7. The Chi Omega sorority house murders were deeply disturbing

All of Bundy’s crimes were undoubtedly horrific, but there was something especially disturbing about what he did at the Chi Omega sorority house in 1978. Having escaped from jail, Bundy was free again to indulge in his most twisted impulses. Mere weeks after his escape, he snuck into a sorority house in the dead of night and brutally assaulted four women, taking the lives of two of them.

It may seem unusual that someone could viciously assault multiple women in a packed house, but as one officer interviewed in 1978 about the killing said, his victims never “had a chance to cry out.” They were asleep when Bundy attacked them, and some of them just never woke up. Crime scene photos included in the Netflix doc show the women’s beds after the attack: sheets, comforters, and quilts, all stained with blood.

Even more disturbingly, Bundy, after brutalizing four women — some of whom he’d attacked with his teeth, or raped with a hair spray bottle — then broke into another home mere blocks away and attacked another co-ed.

“Obviously we had the same individual, who didn’t get but a few blocks and couldn’t stop himself,” W. Kenneth Katsaris, sheriff in Leon County, Florida, recalled during the Netflix special.

The "behind the curtain" look at one of the most notorious attacks Bundy committed served to highlight why he was known as a monster, and the fear that he spread in the area.

8. The full scope of Bundy’s crimes is greater than we’ll ever know for sure

While Bundy was officially linked to the murders of 30 people, many believe the real number of his victims could be in the hundreds. One person who believes that is Katsaris, who described during the Netflix special Bundy’s remarks to him after authorities discovered the body of 12-year-old Kimberly Leach.

Bundy did not admit to the crime, but instead — referring to the killer as a separate person, as he often did — made a truly disturbing statement.

“I told Ted Bundy that we now have the evidence to charge him with both cases,” Karsaris recalled, referring to the Chi Omega murders and the Leach slaying. “He looked at me and said, ‘When you find the person that committed these crimes that you think I committed, that person is going to be wanted for murders of women in the three digits in six states.’”

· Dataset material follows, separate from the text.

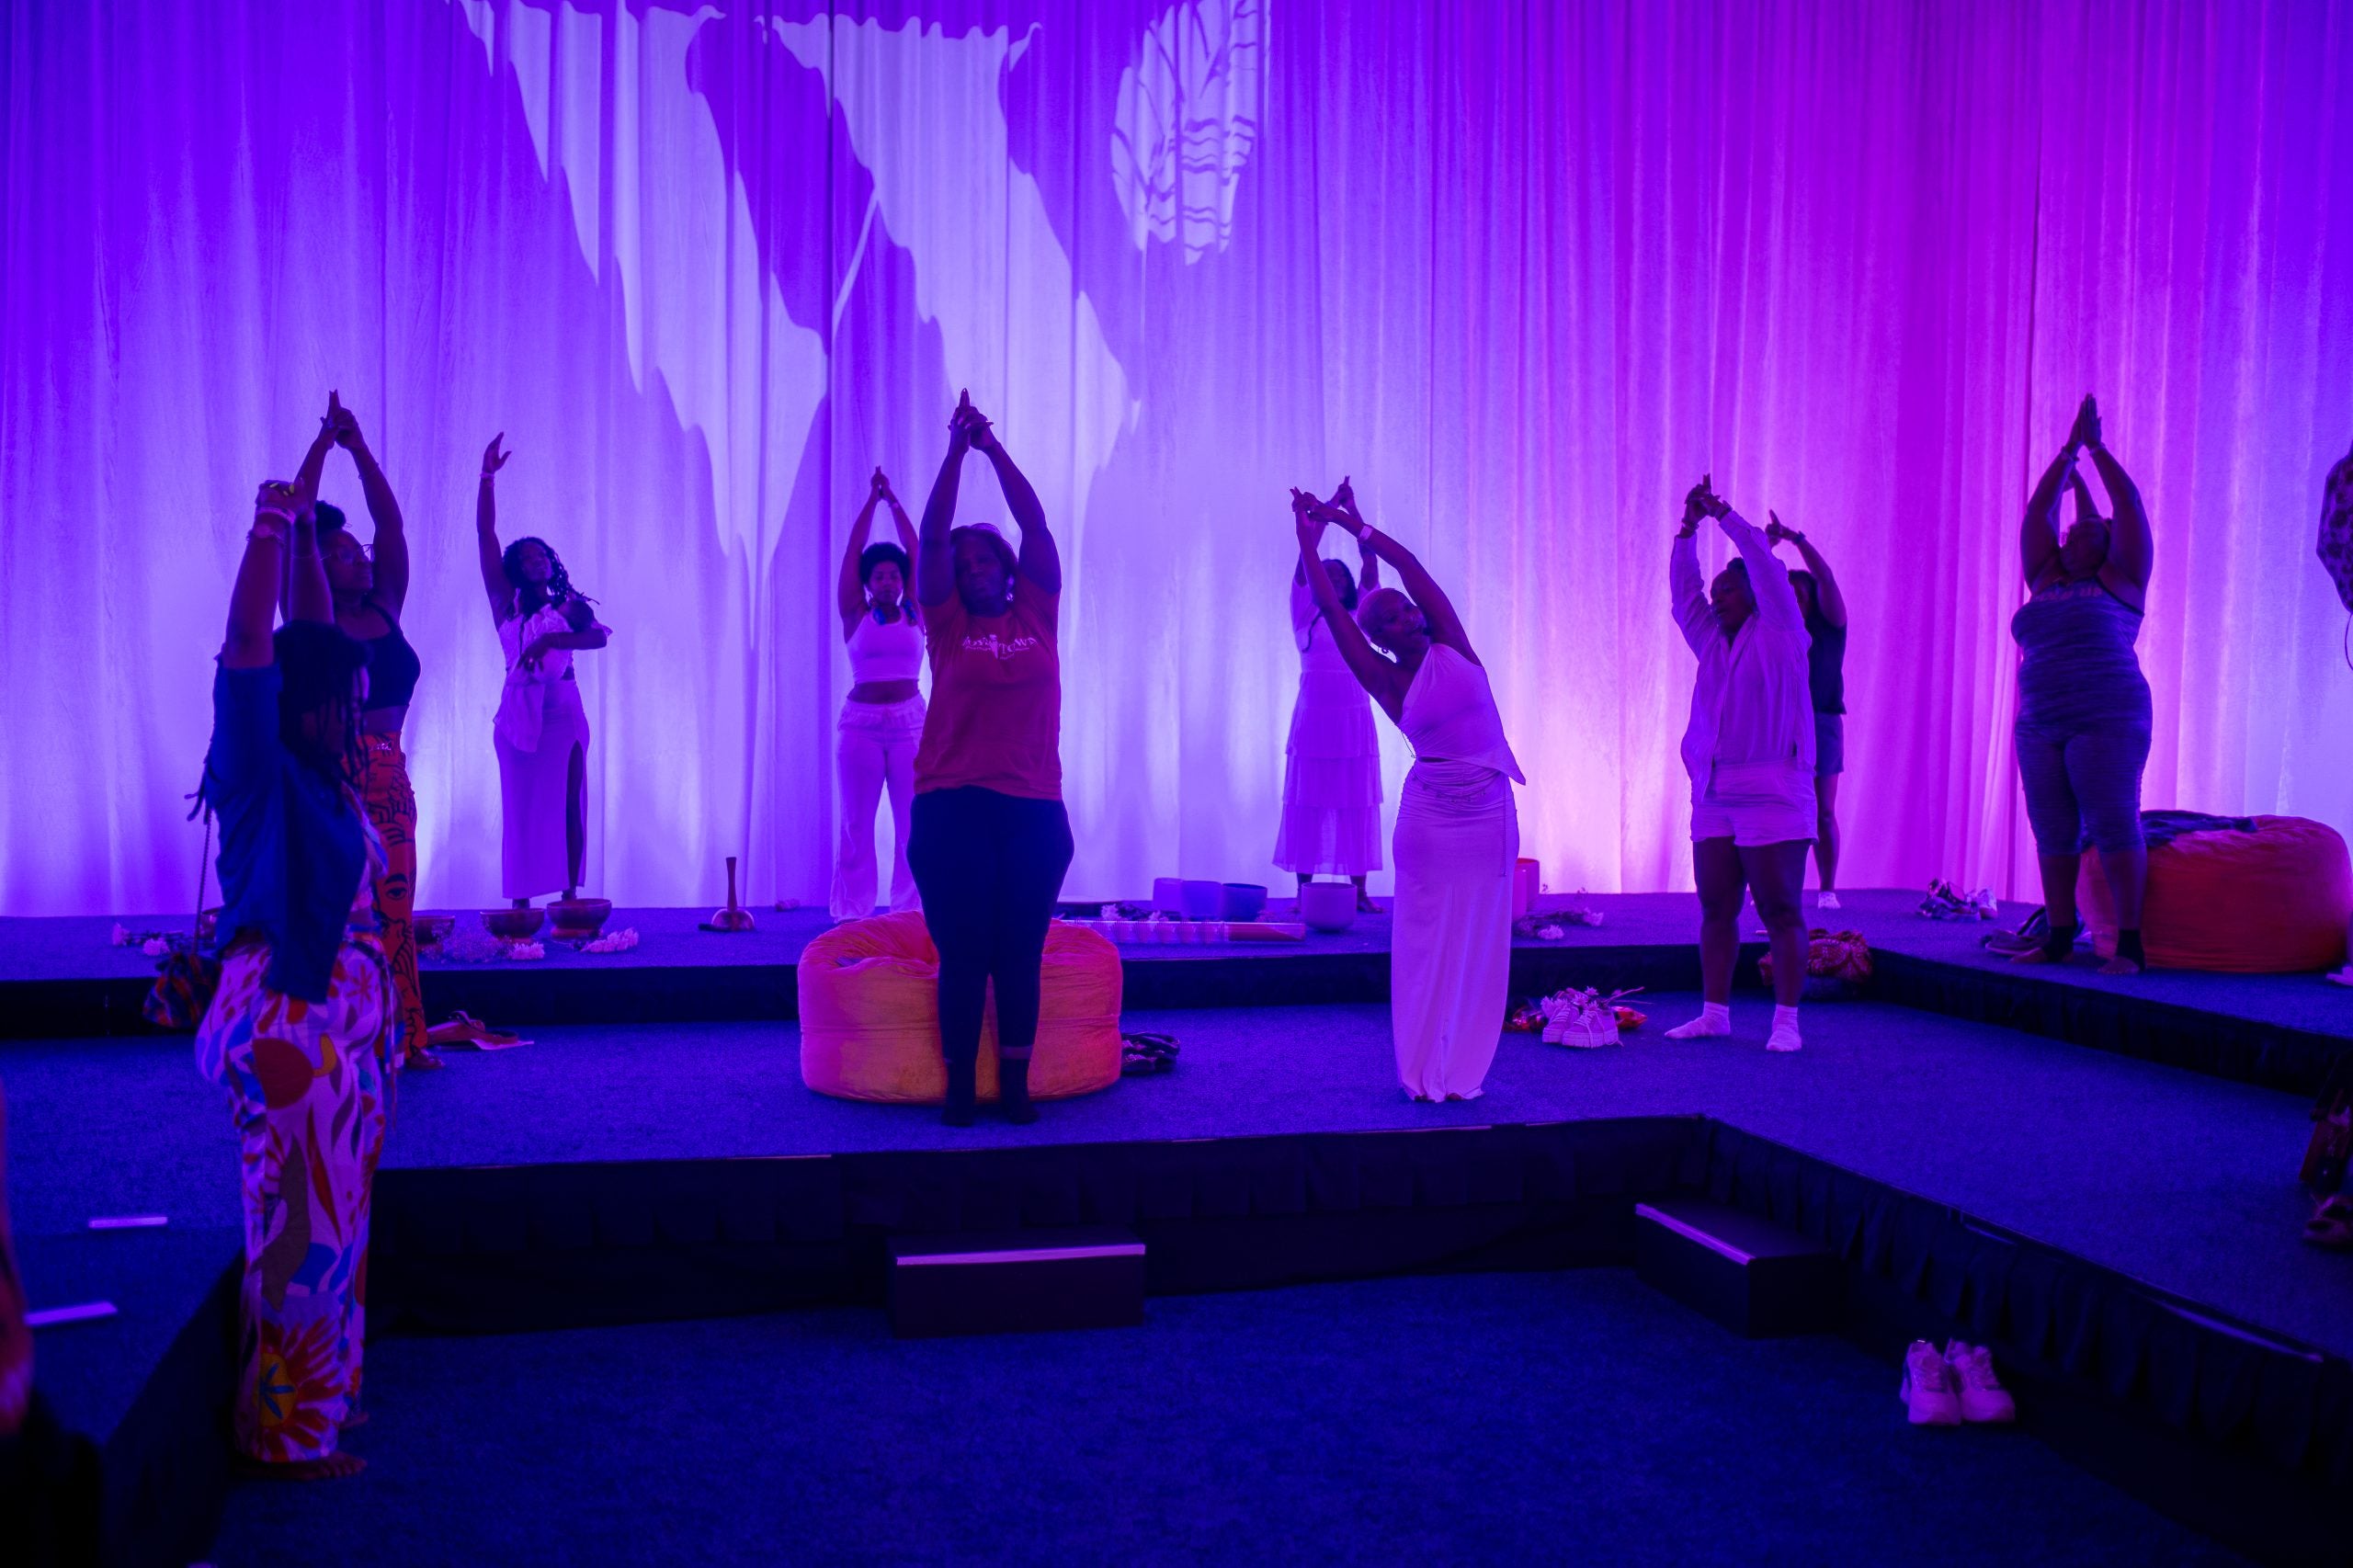 The Guided Meditation Space At The ESSENCE Festival Of Culture Was The Perfect Place To Help Guests Heal

The thought of Bundy committing as many brutal killings as he himself suggested and being able to get away with it all for as long as he did is a disturbing thought. What if he hadn’t bungled his attempt to kidnap Carol DaRonch in 1974, inadvertently creating a witness who would later identify him to police? What if an officer hadn’t taken him into custody a year later for suspicious behavior? Would Ted Bundy have been inadvertently allowed to continue killing women across the country, all while leading a double life as a respectable man? Now there’s a chilling thought.